▶ **YOUR ASSIGNMENT**: For this task, output every entry below exactly and omit the pictures.

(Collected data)
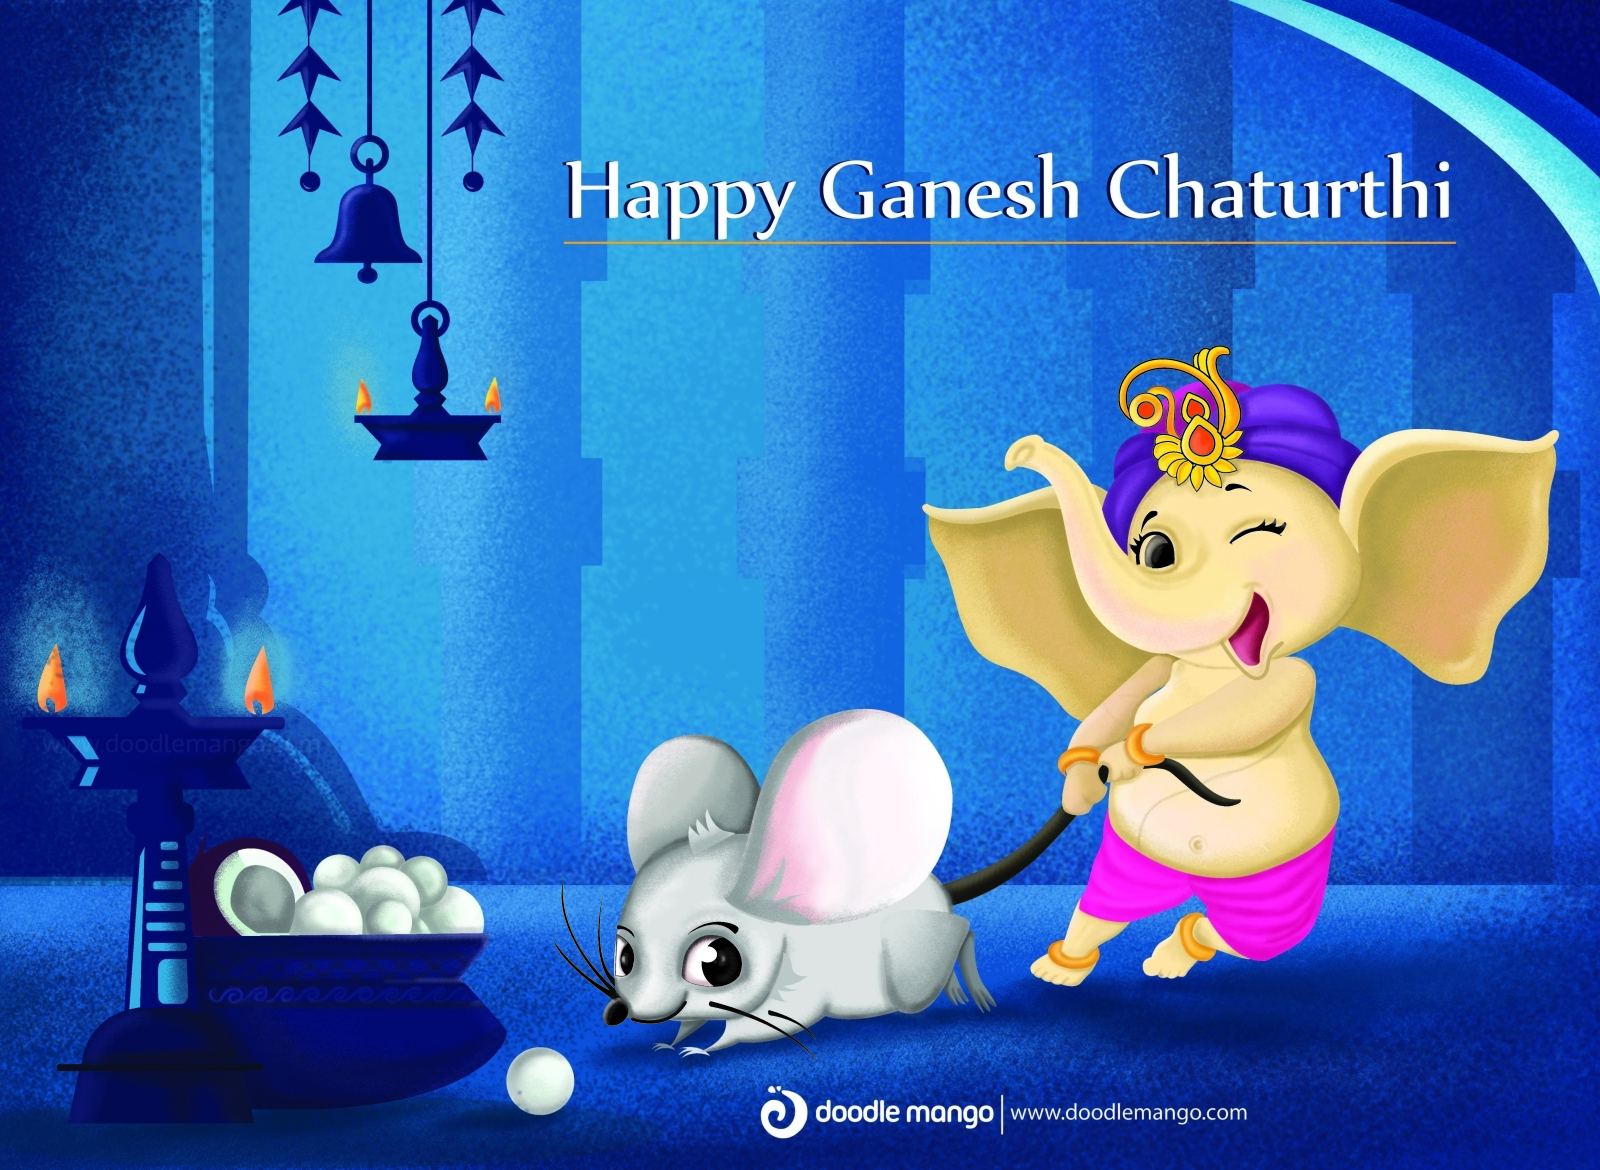 Ganesh Chaturthi Illustration by Doodle Mango on Dribbble
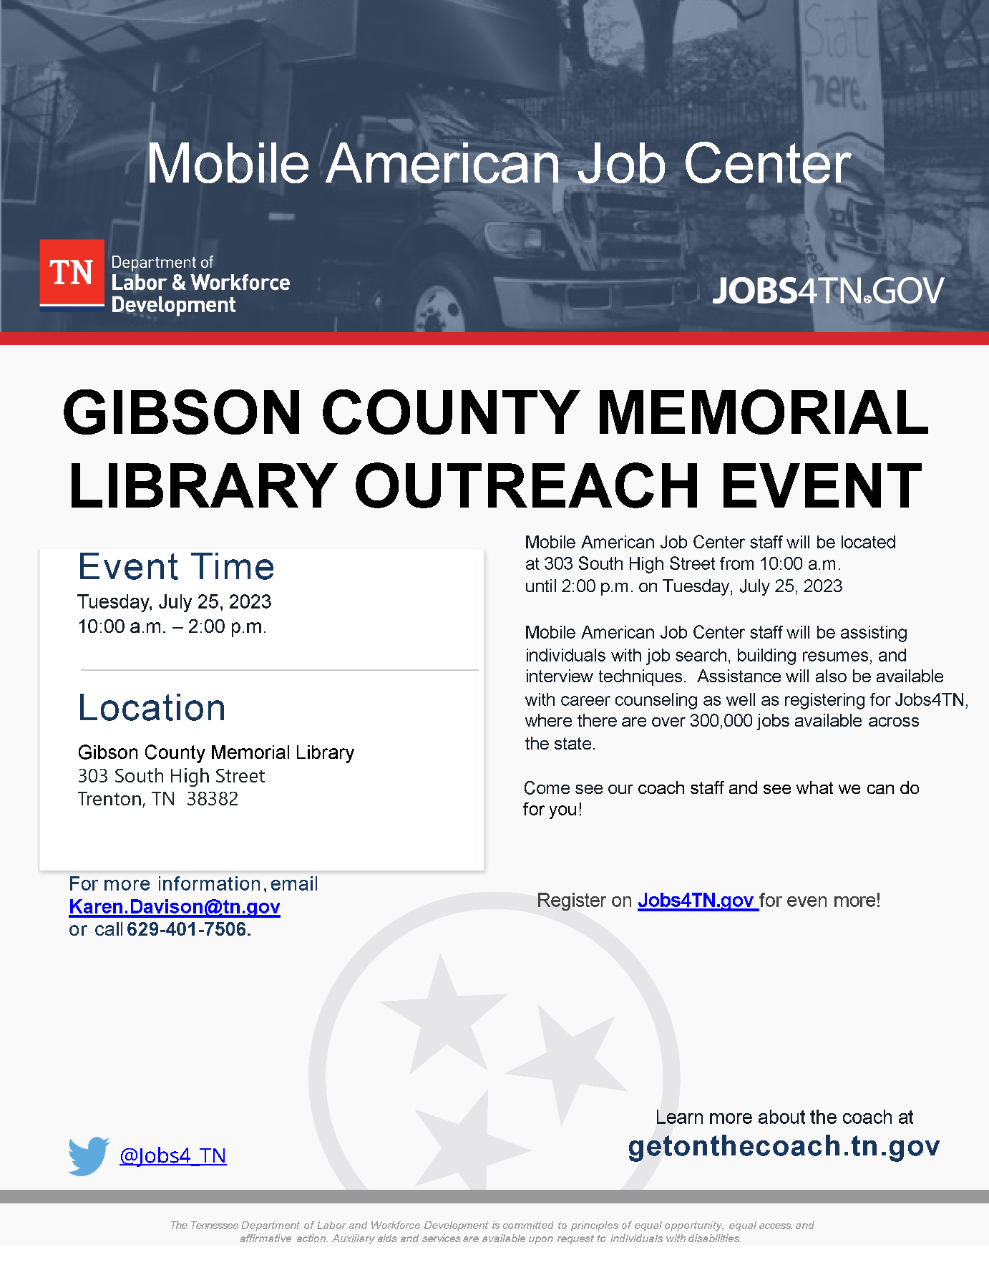 Gibson County Memorial Library Outreach Event, Trenton, TN (7/25/2023)
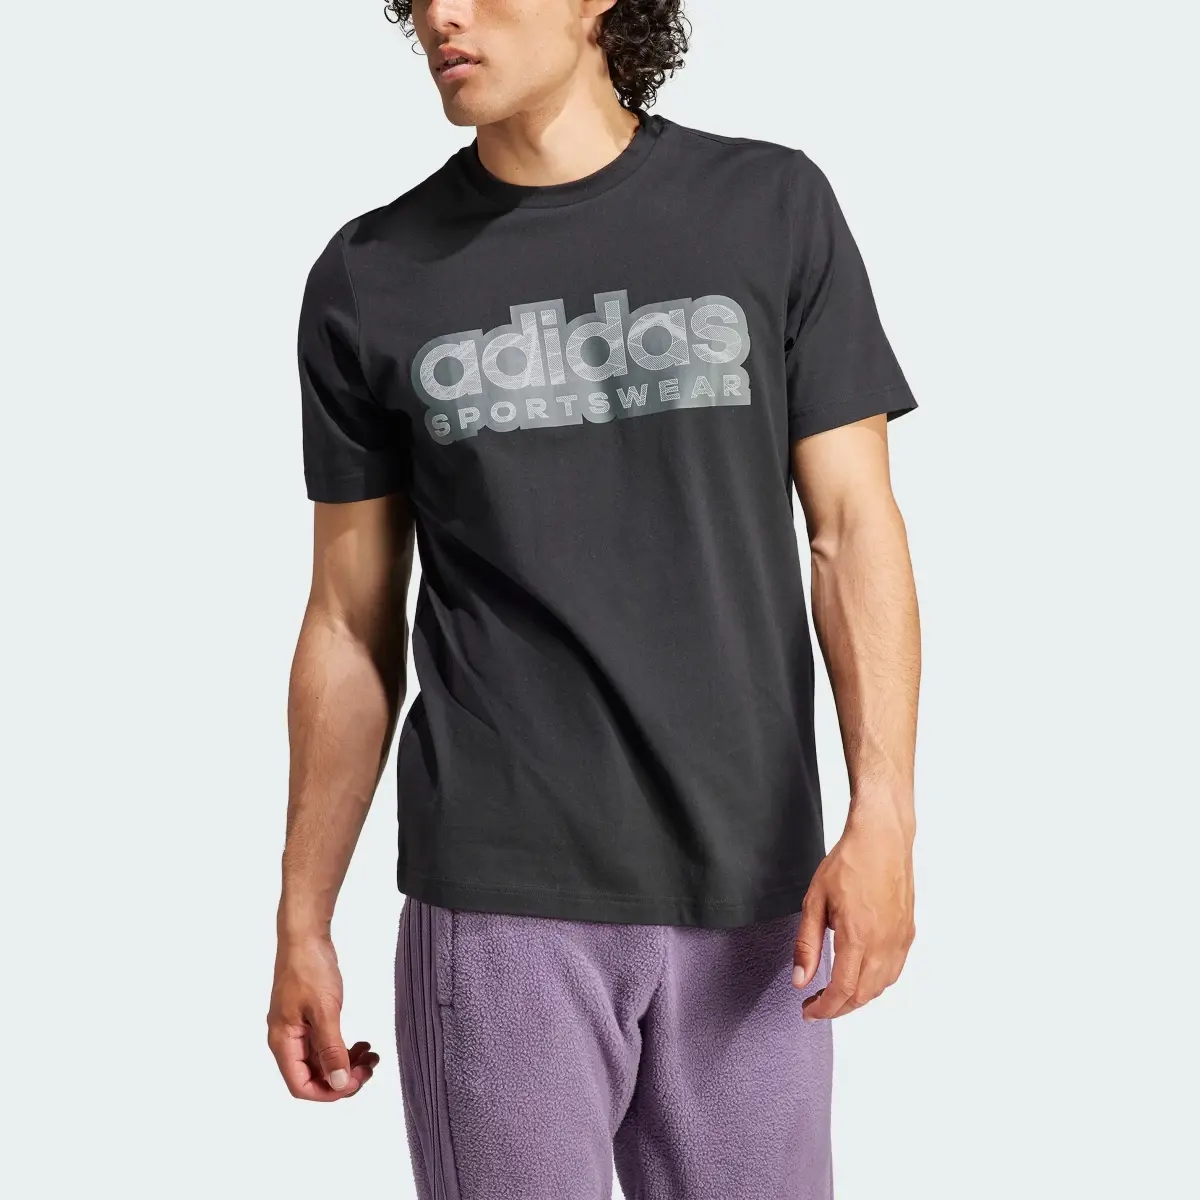 Adidas Tiro Graphic T-Shirt. 1
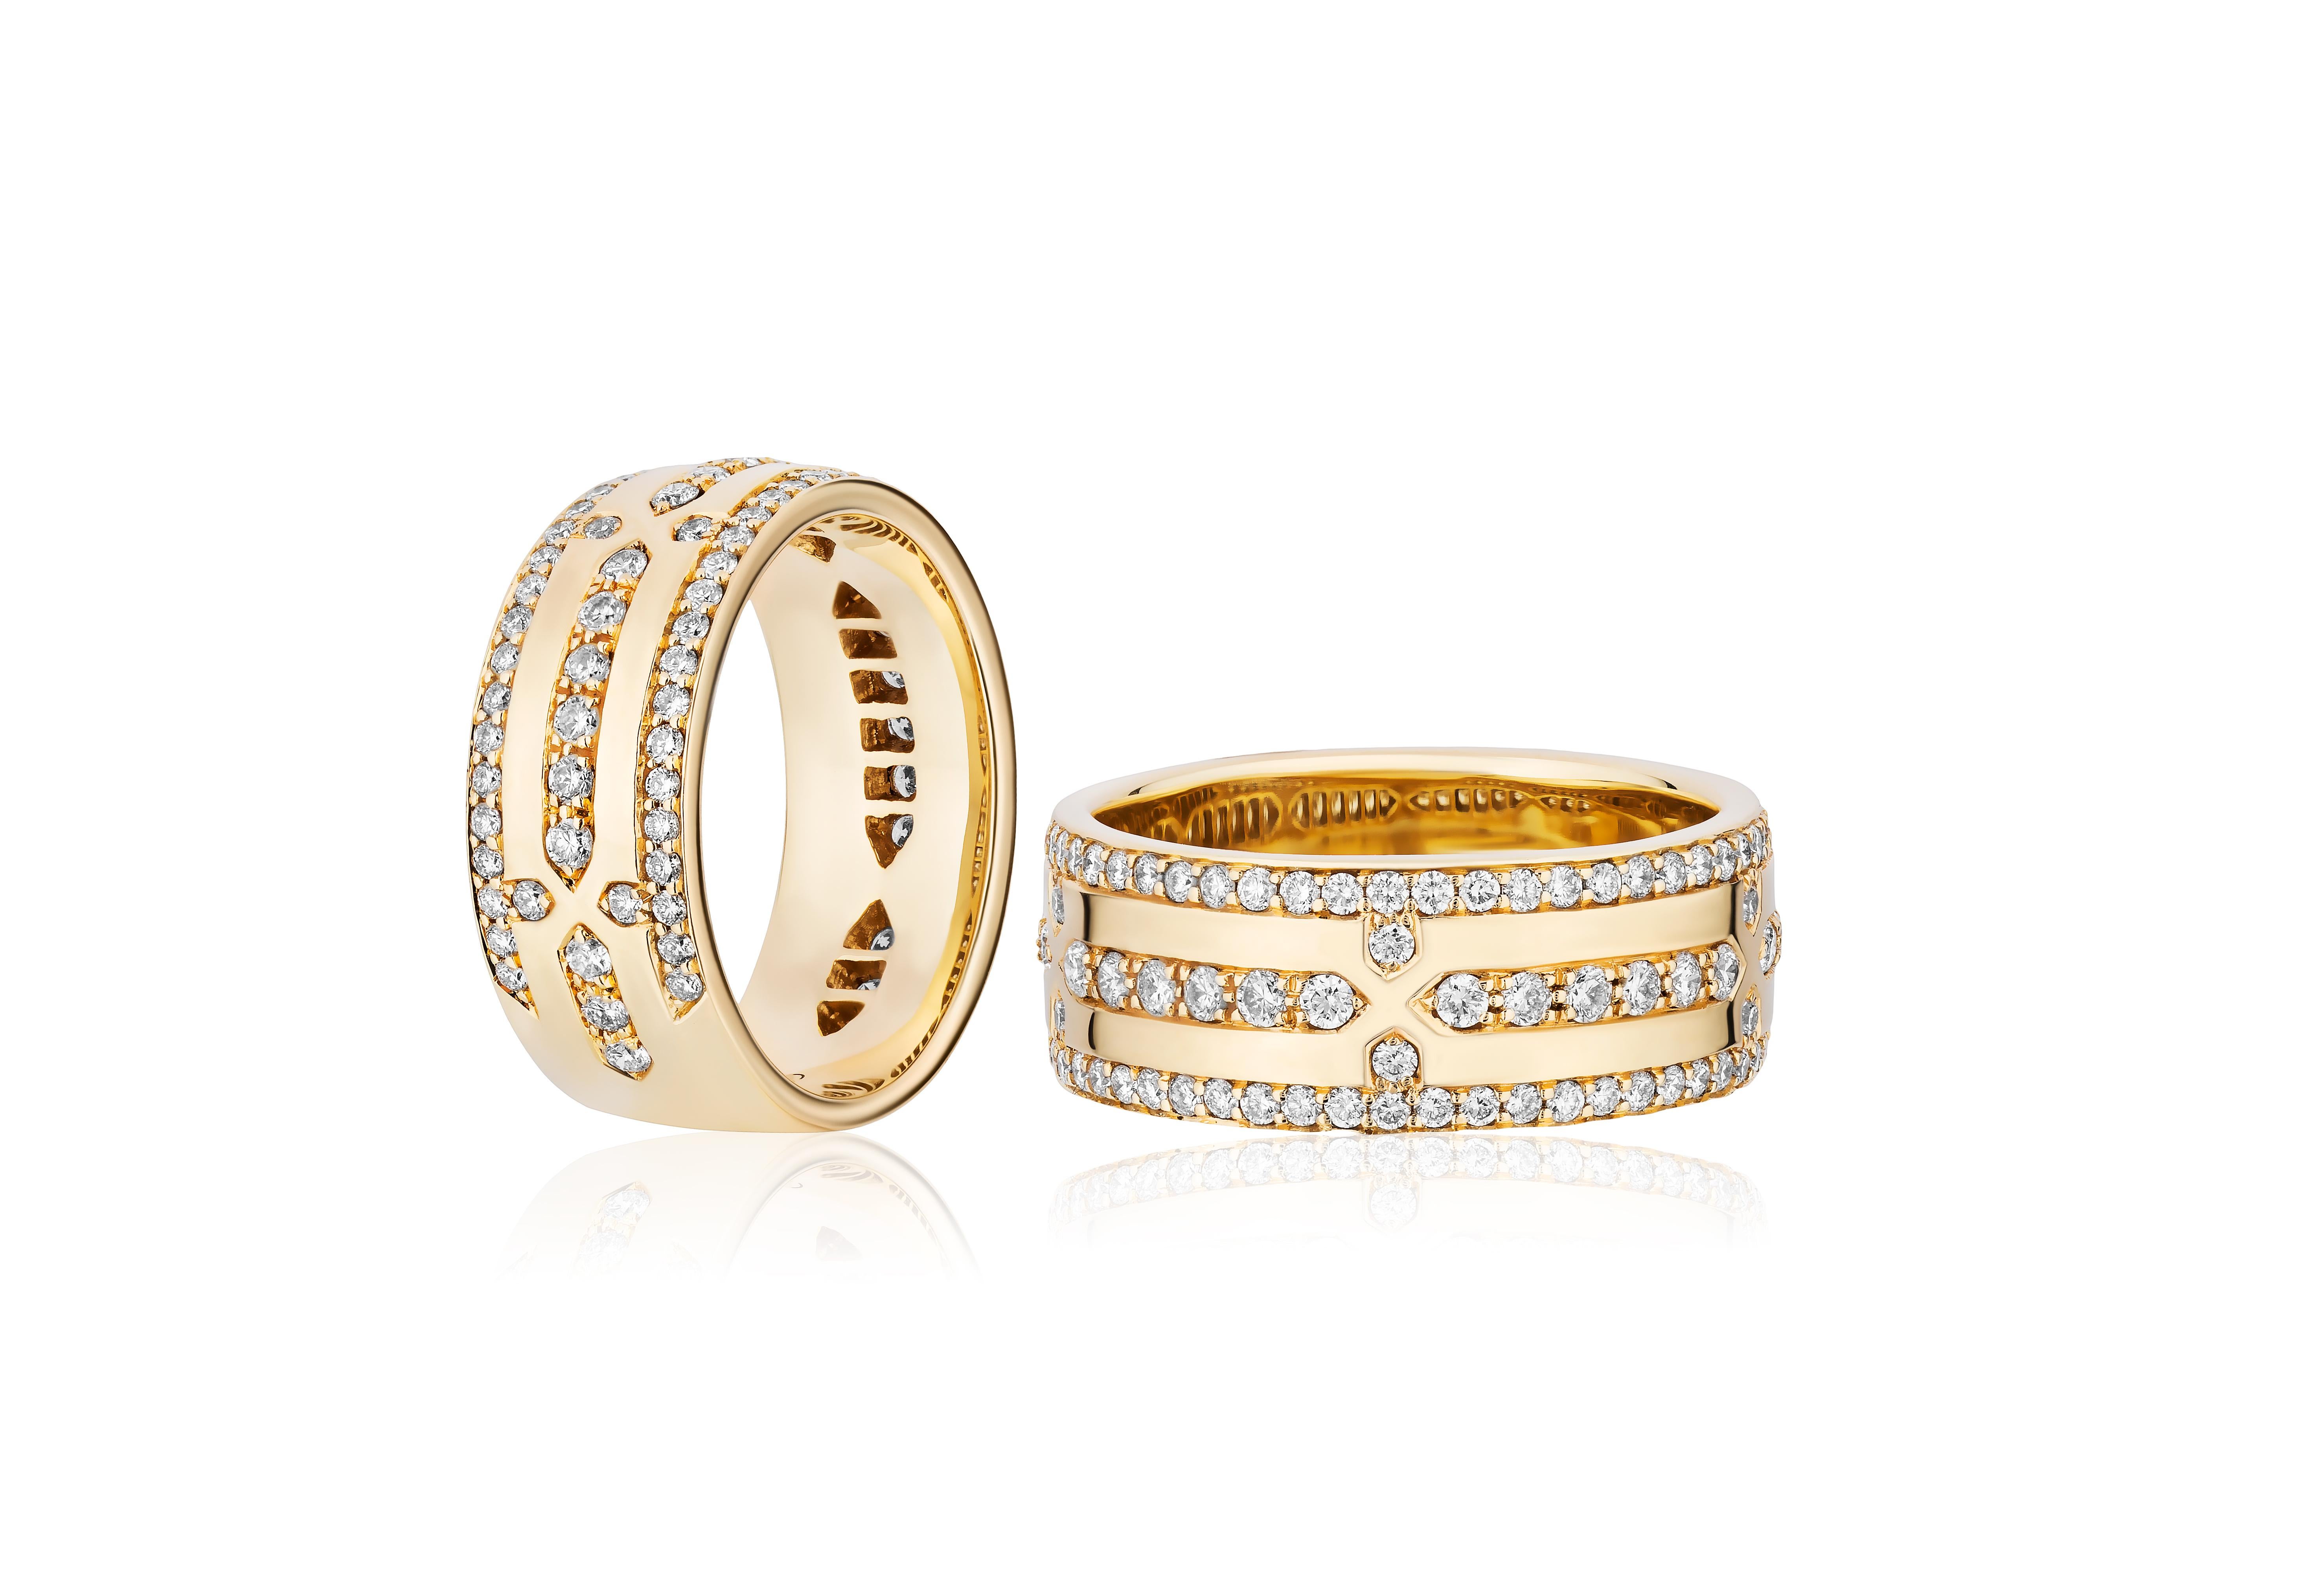 Ce bracelet large en or et diamants de la Collection 'G-Classics' est un bijou luxueux et attrayant en or jaune 18 carats. Ce large anneau est orné de diamants éblouissants et présente un design intemporel qui allie sans effort élégance et opulence.
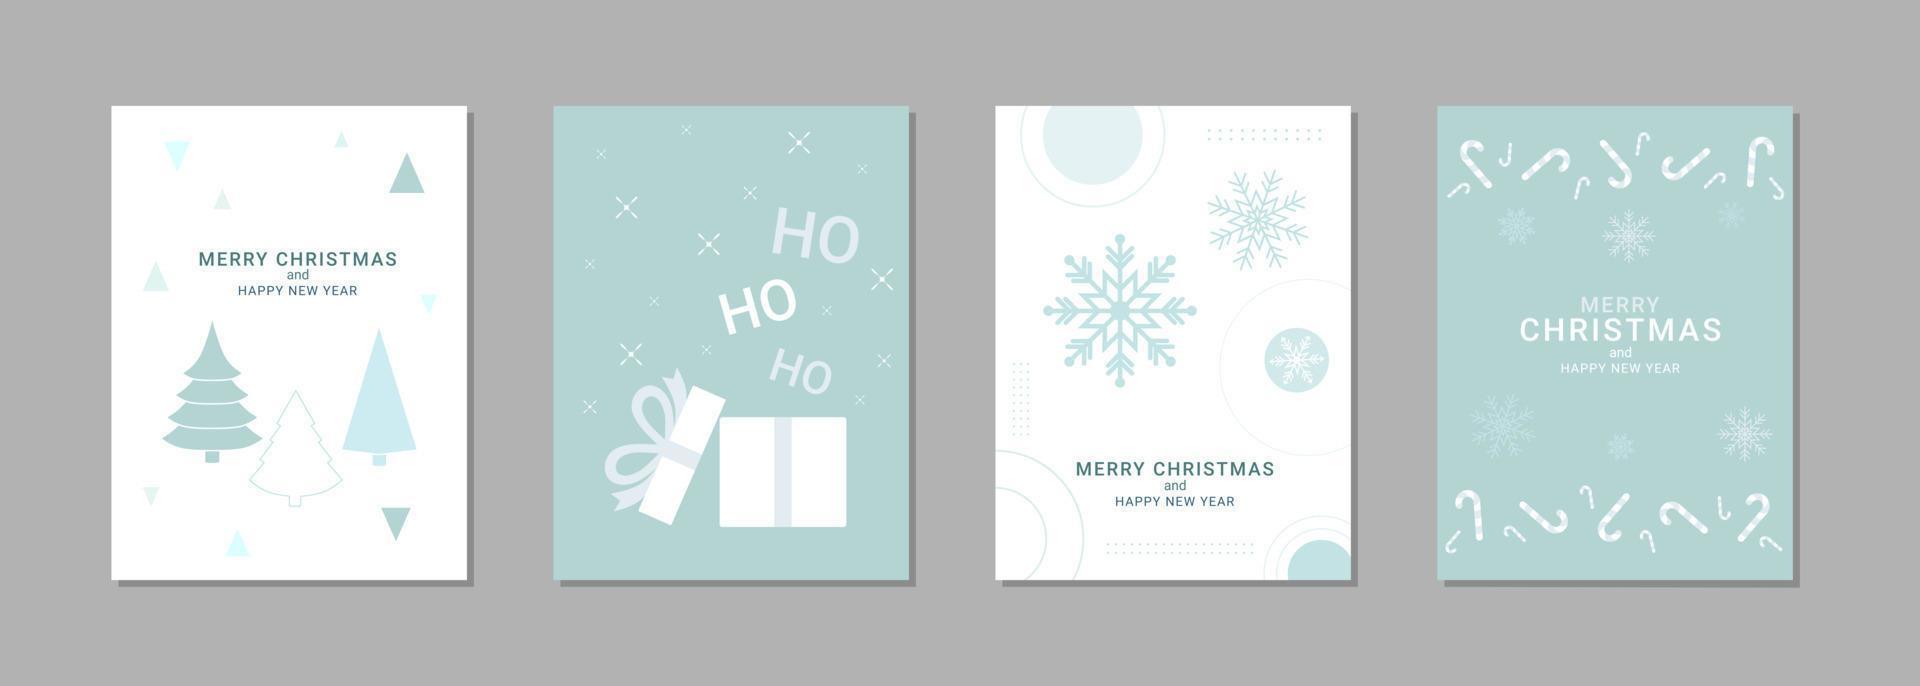 satz grußkarten der frohen weihnachten und des neuen jahres. sprachtextdesign mit einfachen elementen. Vektor-Illustration vektor

▶ **OUTPUT FOR THIS EXERCISE**:
 Ganesh Chaturthi Illustration by Doodle Mango on Dribbble
 Gibson County Memorial Library Outreach Event, Trenton, TN (7/25/2023)
 Adidas Tiro Graphic T-Shirt. 1
 Ce bracelet large en or et diamants de la Collection 'G-Classics' est un bijou luxueux et attrayant en or jaune 18 carats. Ce large anneau est orné de diamants éblouissants et présente un design intemporel qui allie sans effort élégance et opulence.
 satz grußkarten der frohen weihnachten und des neuen jahres. sprachtextdesign mit einfachen elementen. Vektor-Illustration vektor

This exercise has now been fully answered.